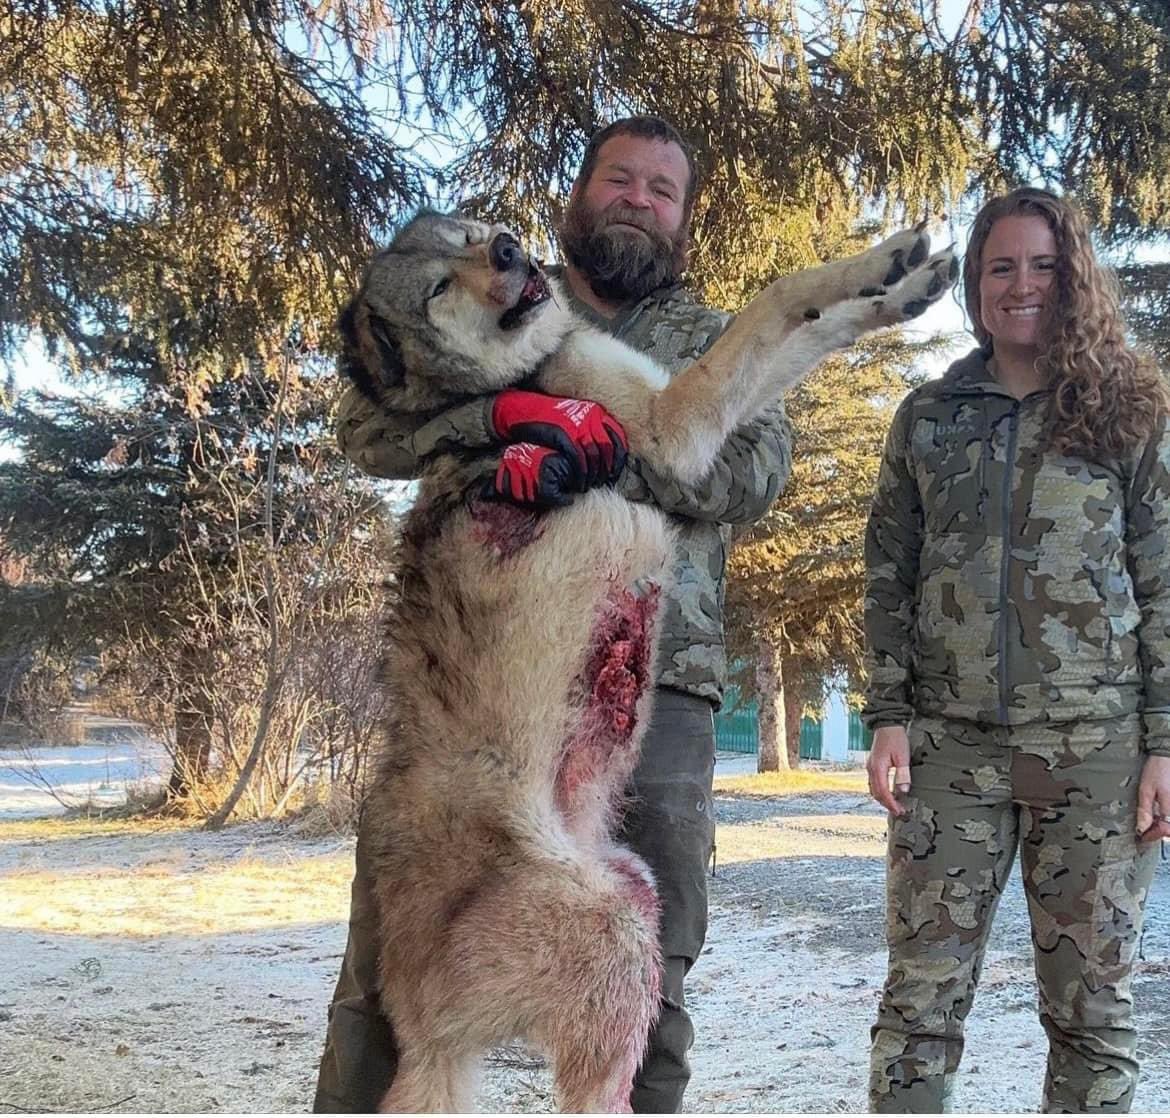 Tana & Adam Grenda runs Stuck N The Rut. Tana couldn't keep the delight out of her voice when this wolf went down. 'You shot a freakin wolf.' Must be a real turn on for her. 🤬RT #BanTrophyHunting @SARA2001NOOR @Angelux1111 @Gail7175 @DidiFrench @Lin11W @PeterEgan6
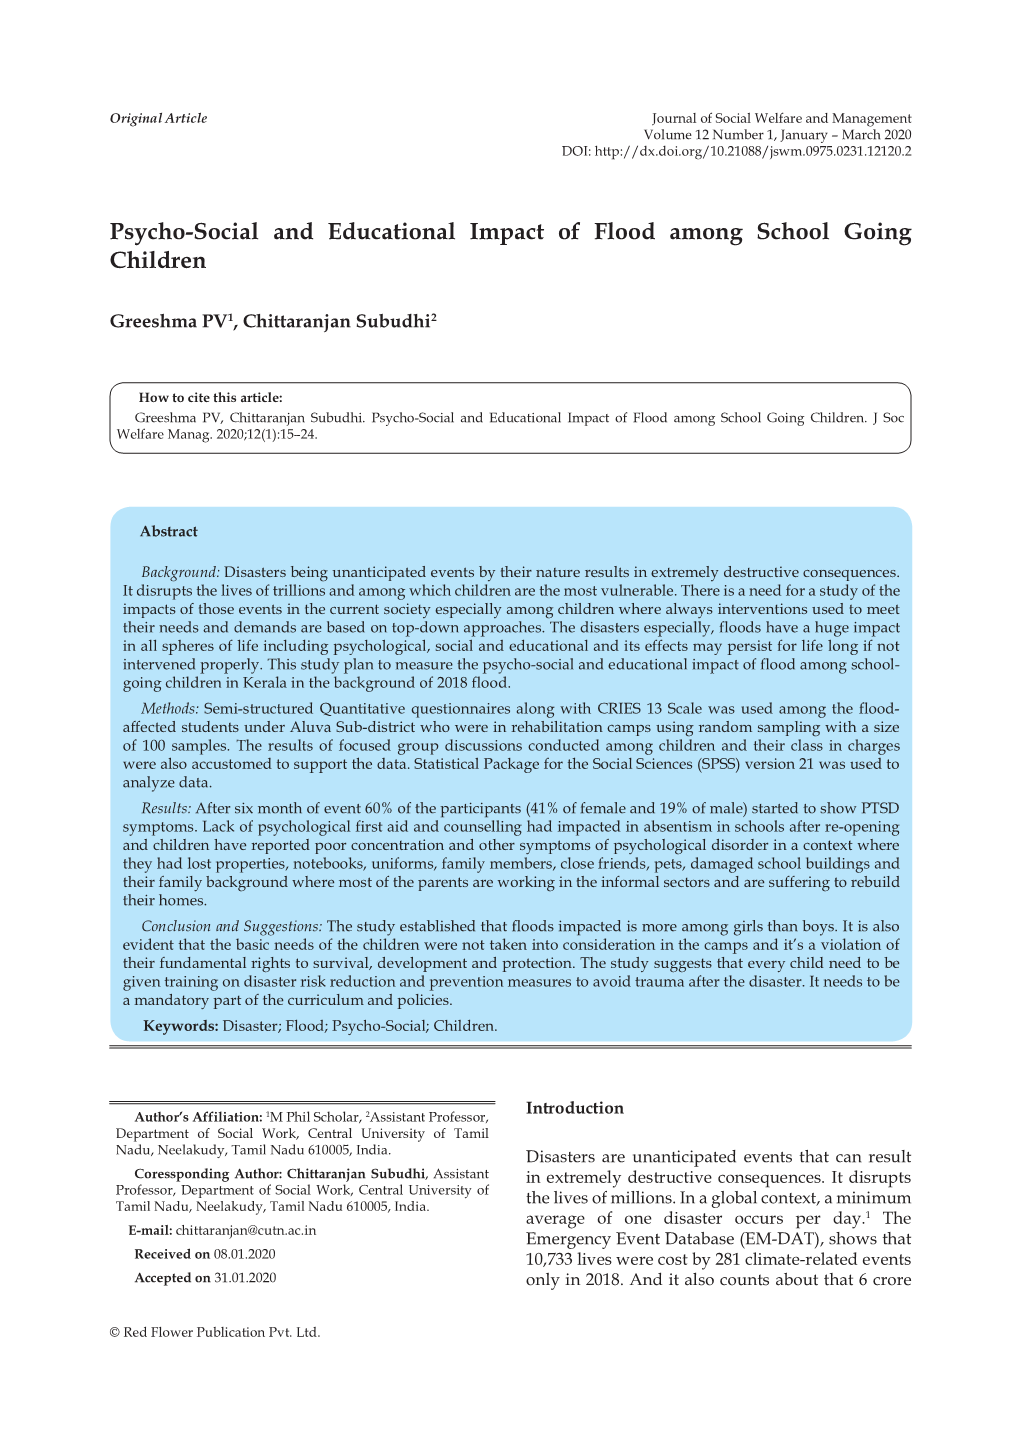 Psycho-Social and Educational Impact of Flood Among School Going Children
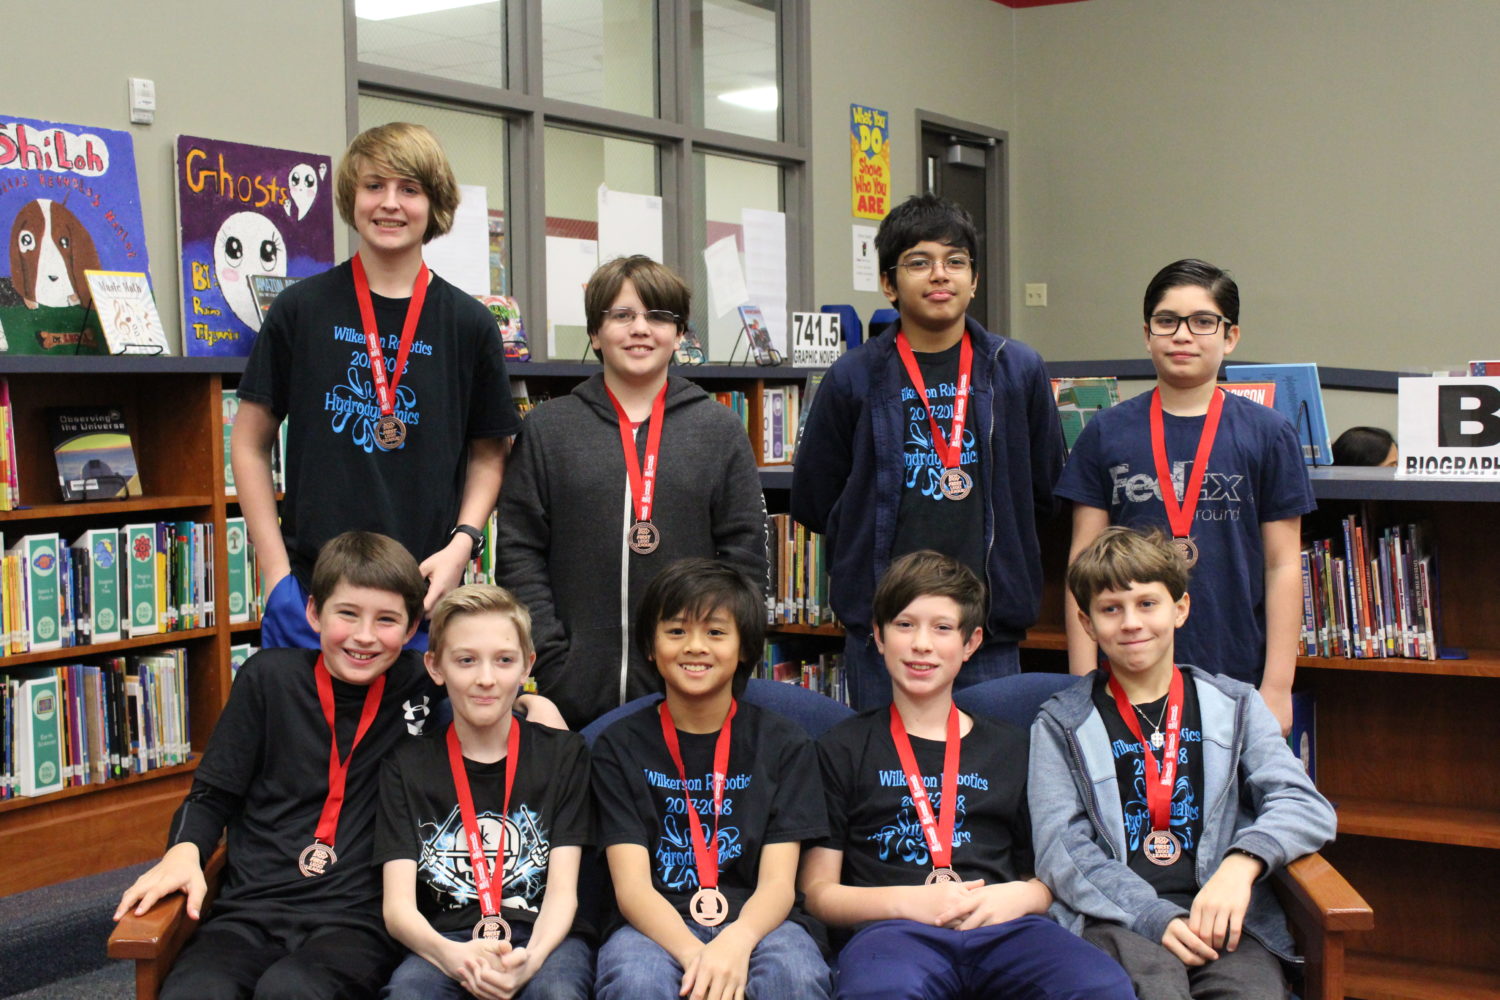 group of boys that competed at a robotics competition
◆ ◆ ◆ ◆ ◆ ◆ ◆
:: To do ::
Retyping is limited to the line with "Psycho-Social and Educational" and the lines after it in the material above; give them exactly and leave out the pictures.

:: Answer space ::
 Psycho-Social and Educational Impact of Flood Among School Going Children
 group of boys that competed at a robotics competition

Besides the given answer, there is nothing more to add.